• YOUR ASSIGNMENT: Each line below is to be copied exactly; images do not go into the copy.

• RECORDED DATA:
*** Begin section ***
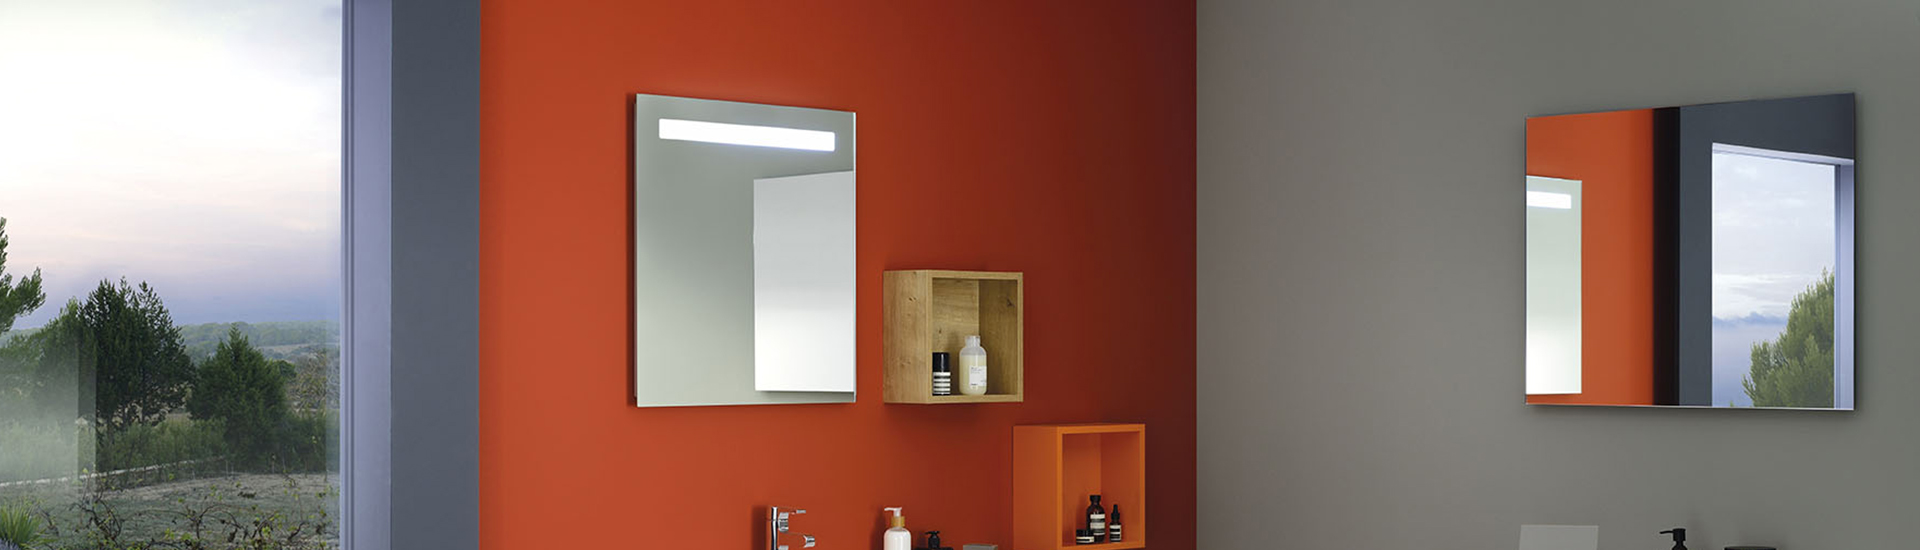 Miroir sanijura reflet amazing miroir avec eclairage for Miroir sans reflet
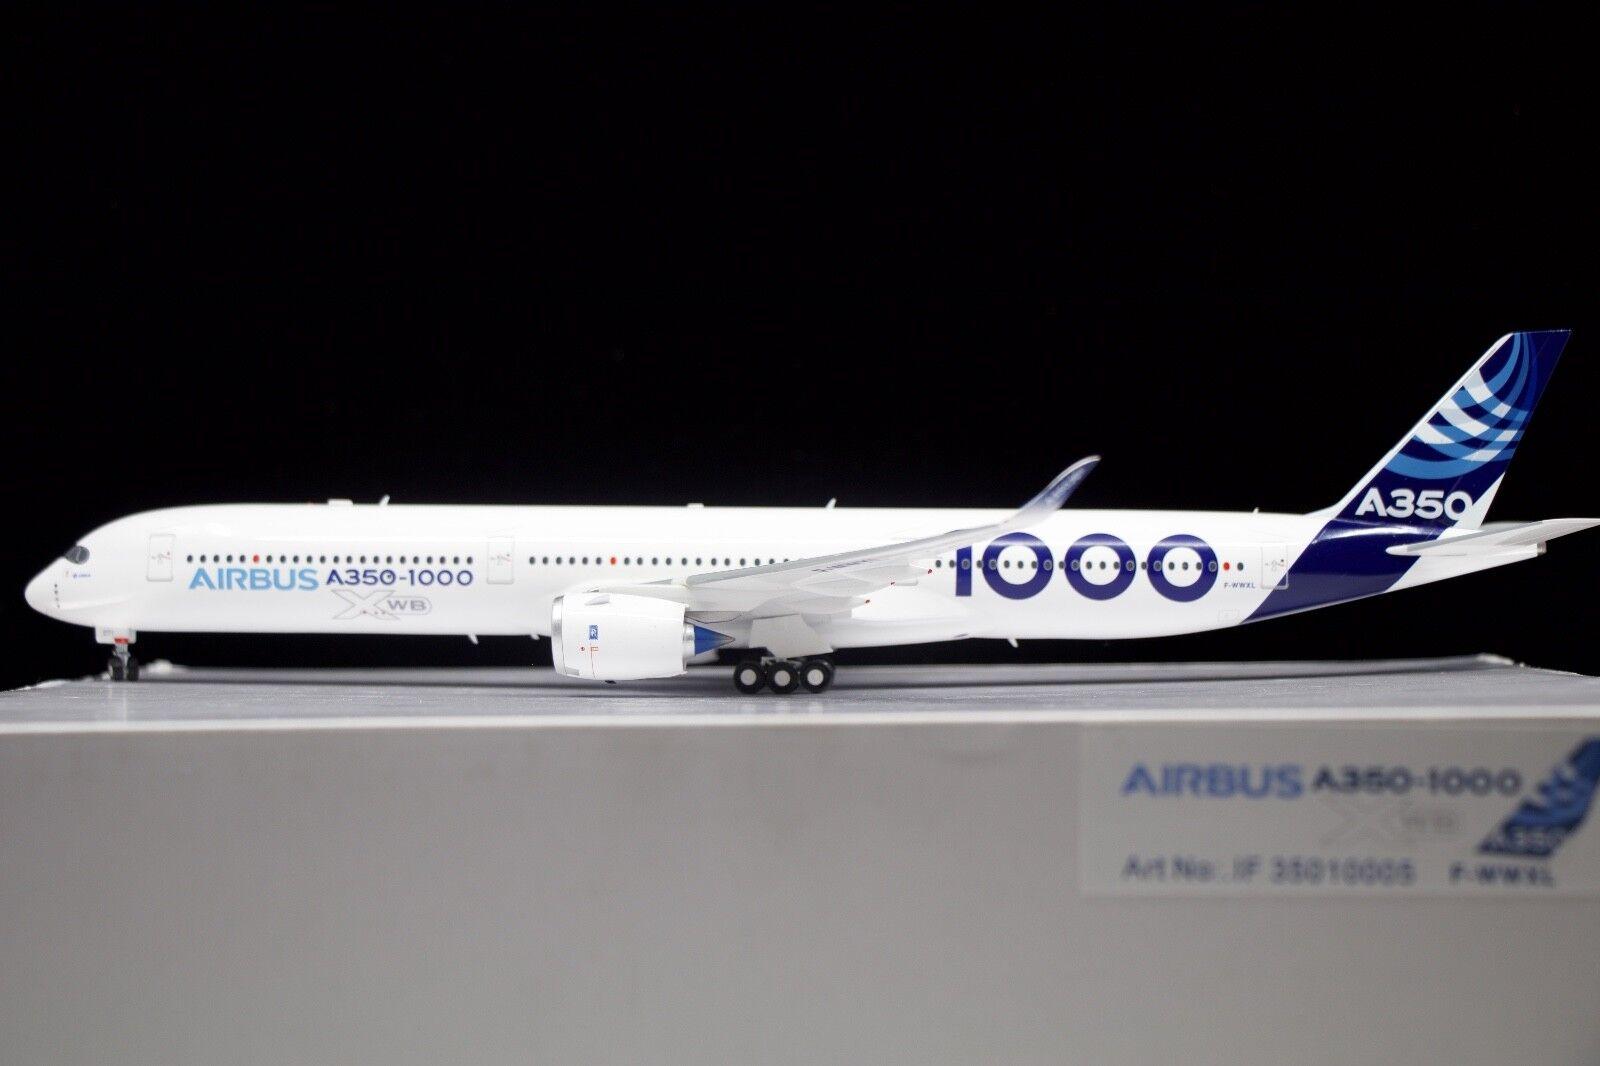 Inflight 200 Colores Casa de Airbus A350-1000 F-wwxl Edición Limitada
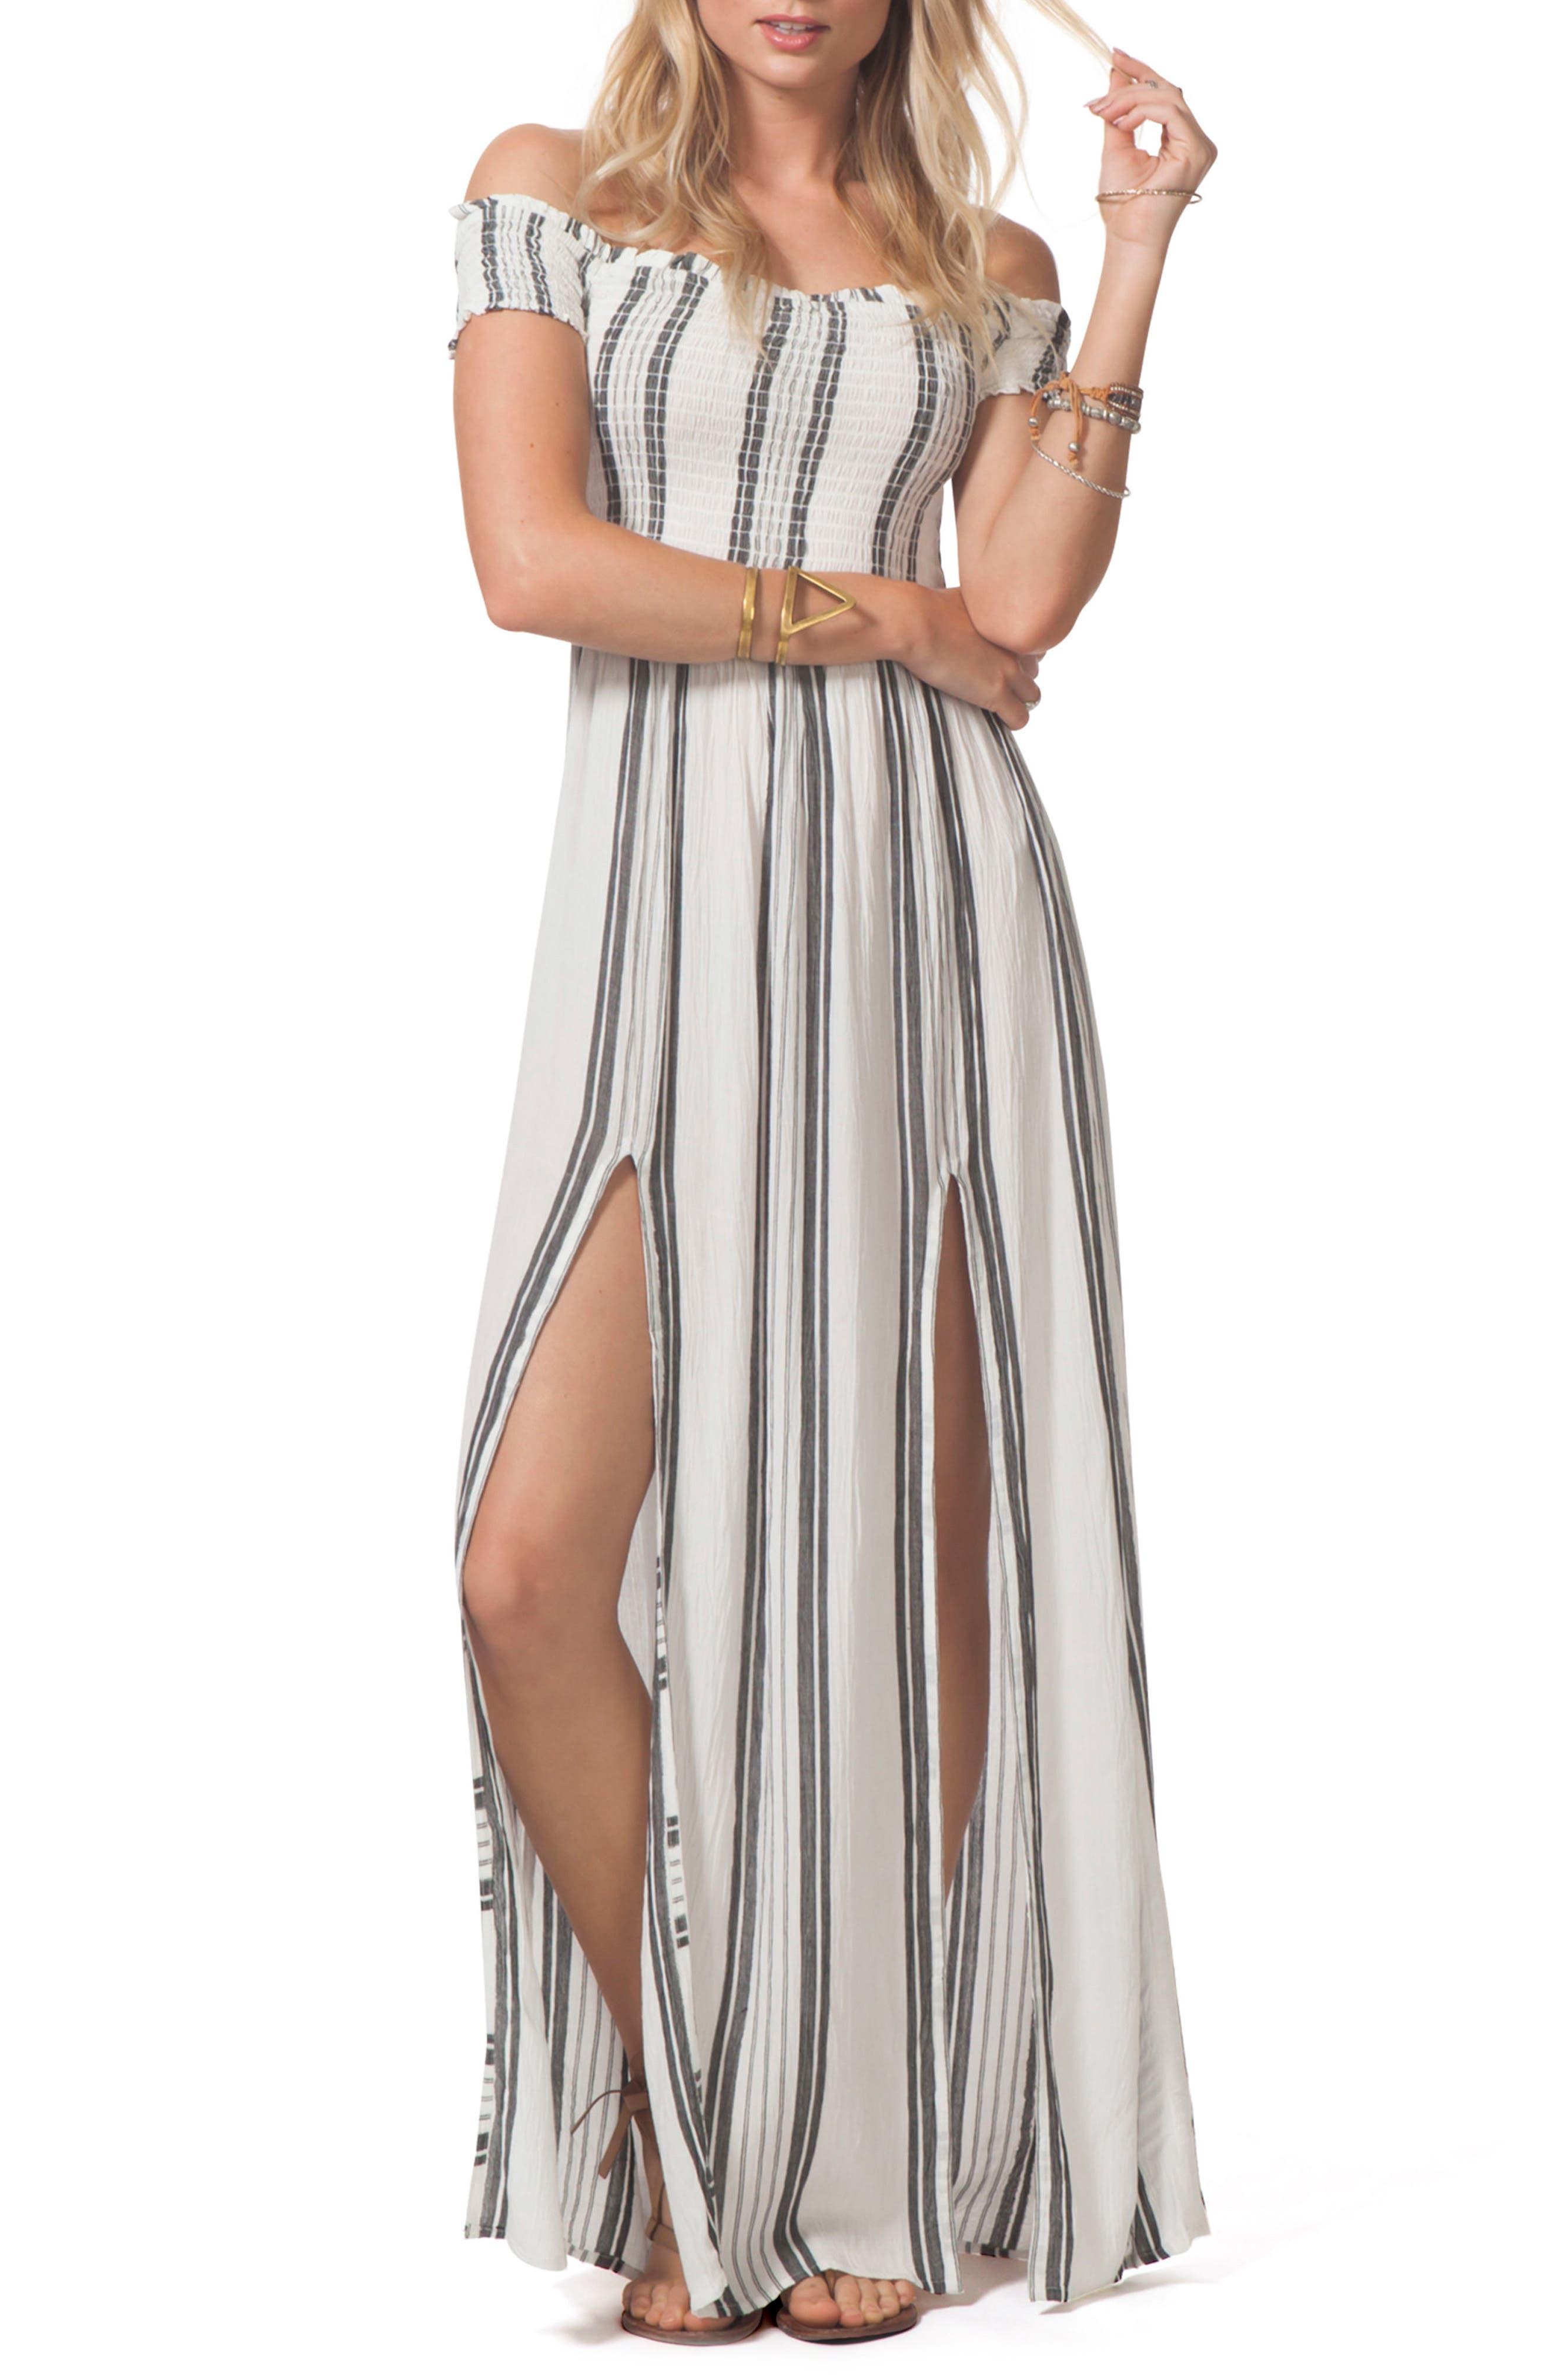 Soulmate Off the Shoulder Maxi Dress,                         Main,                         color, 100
*** End section ***
• SOLUTION TO THIS PROBLEM:
 Miroir sanijura reflet amazing miroir avec eclairage for Miroir sans reflet
 Inflight 200 Colores Casa de Airbus A350-1000 F-wwxl Edición Limitada
 Soulmate Off the Shoulder Maxi Dress,                         Main,                         color, 100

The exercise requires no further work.